Frankreich-Austausch: Bei Freunden in Charleville-Mézières

Im Rahmen des Frankreich-Austauschs sind sieben Neuntklässler am 21.03.2019 nach Frankreich aufgebrochen, um eine ereignisreiche Woche mit ihren Austauschpartnern zu verbringen. Die anfängliche Zurückhaltung hat sich schnell gelegt und alle sind begeistert mit ihren neuen Freunden nach Euskirchen zurückgefahren, um dort eine weitere Woche gemeinsam zu verbringen.

Die folgenden Berichte vermitteln die Eindrücke der Schüler(innen), von denen jede(r) einen Beitrag über einen Tag verfassen sollte:

Tag 1 – Donnerstag 21.03.2019
(Der Bericht von Simon Kratzke fehlt noch.)

Tag 2 - Freitag, 22.03.2019

Am zweiten Tag unseres Besuchs in Charleville-Mézières sind wir alle im Musikraum aufeinandergetroffen. Wir, die Besucher, haben uns von unseren Austauschschülern getrennt, sind einkaufen gegangen und haben Windbeutel gebacken. Diese sind so gut gelungen, dass wir alle aufgegessen haben.

Nach einem kurzen Besuch des französischen Unterrichts gab es auch schon Mittagessen in der Kantine. Bei dem anschließenden Besuch in der „Mairie“, wo wir den stellvertretenden Bürgermeister getroffen haben, gab es eine kleine Erfrischung und ein Freundschaftsgeschenk. Die restliche Zeit des Tages konnten wir mit unseren Austauschschülern genießen!

(Friederike Kelz)

Tag 3 – Samstag, 23.03.2019

Am Samstagmorgen haben wir zuerst ausgiebig zusammen gefrühstückt, nachdem ich lange ausschlafen konnte.

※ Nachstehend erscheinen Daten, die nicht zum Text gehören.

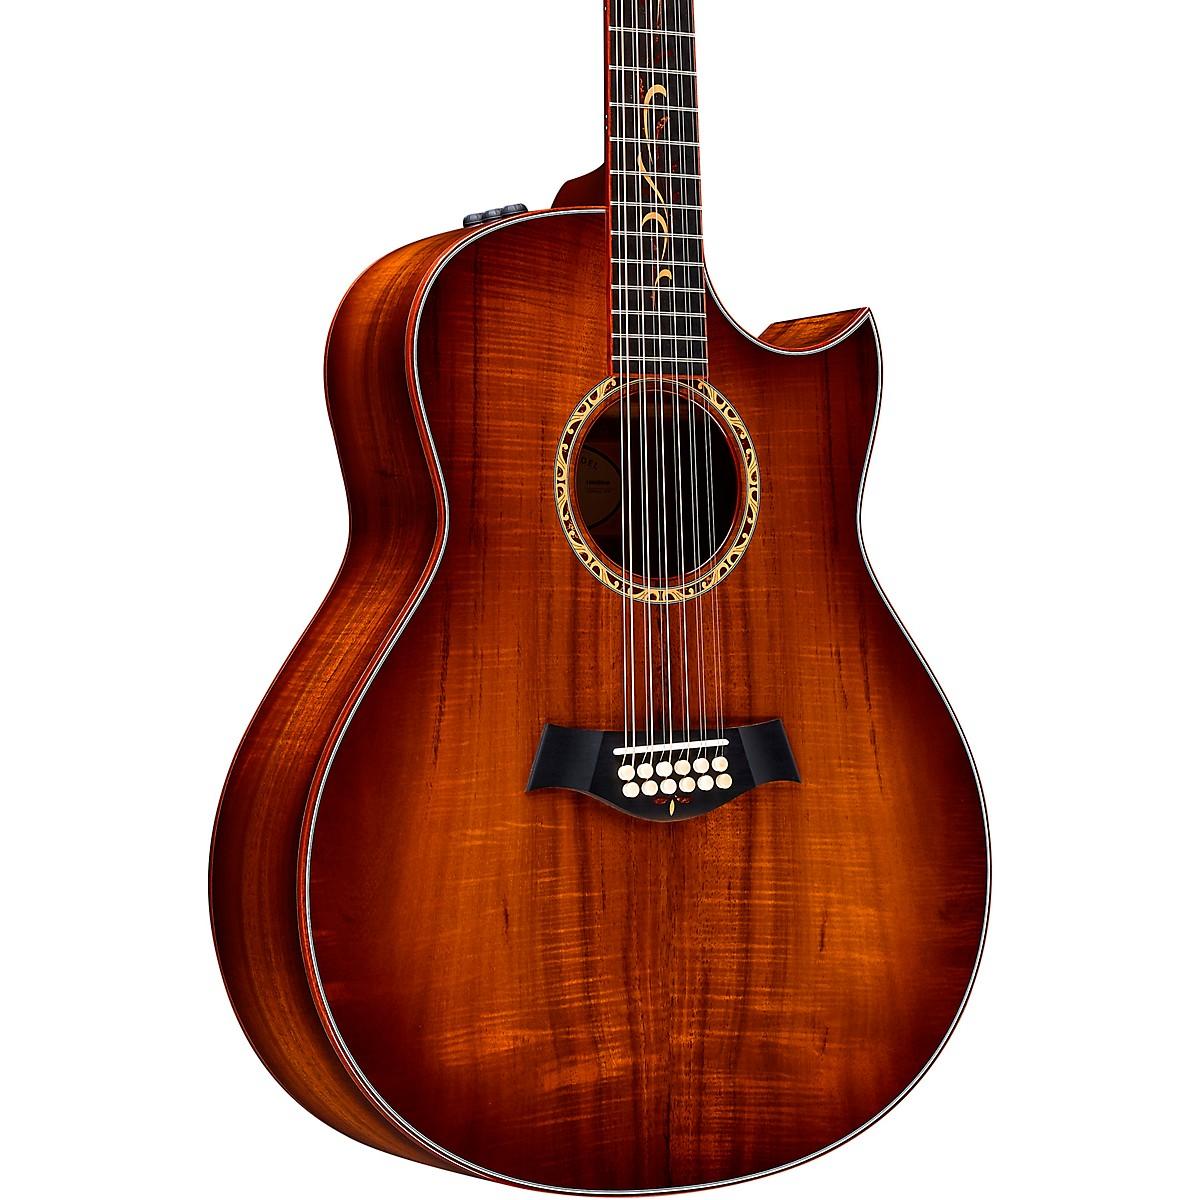 Taylor Custom Grand Orchestra 12-String #11094 A-Grade Koa Acoustic-Electric Guitar

Danach sind wir nach Belgien in einen Kletterpark gefahren, wo wir uns mit ein paar anderen Franzosen und Austauschpartnern getroffen haben. Nachdem wir ungefähr zwei Stunden geklettert sind, fuhren wir wieder zurück und bereiteten alles für die anstehende Übernachtungsparty vor.

Wir waren drei Franzosen und drei Deutsche, die dann um 19.00 Uhr Richtung Schwimmbad in Charleville-Mézières gingen. Dort fand so etwas wie eine „Wassernacht“ statt, bei der man bis Mitternacht bleiben durfte. Wir sind um halb eins zurückgefahren und haben im Garten von meiner Austauschpartnerin in einem Pavillon „gefrühstückt“. Dann haben wir noch ein wenig Karten gespielt und Musik gehört und, als wir endlich auf unseren Luftmatratzen lagen, war es drei Uhr morgens.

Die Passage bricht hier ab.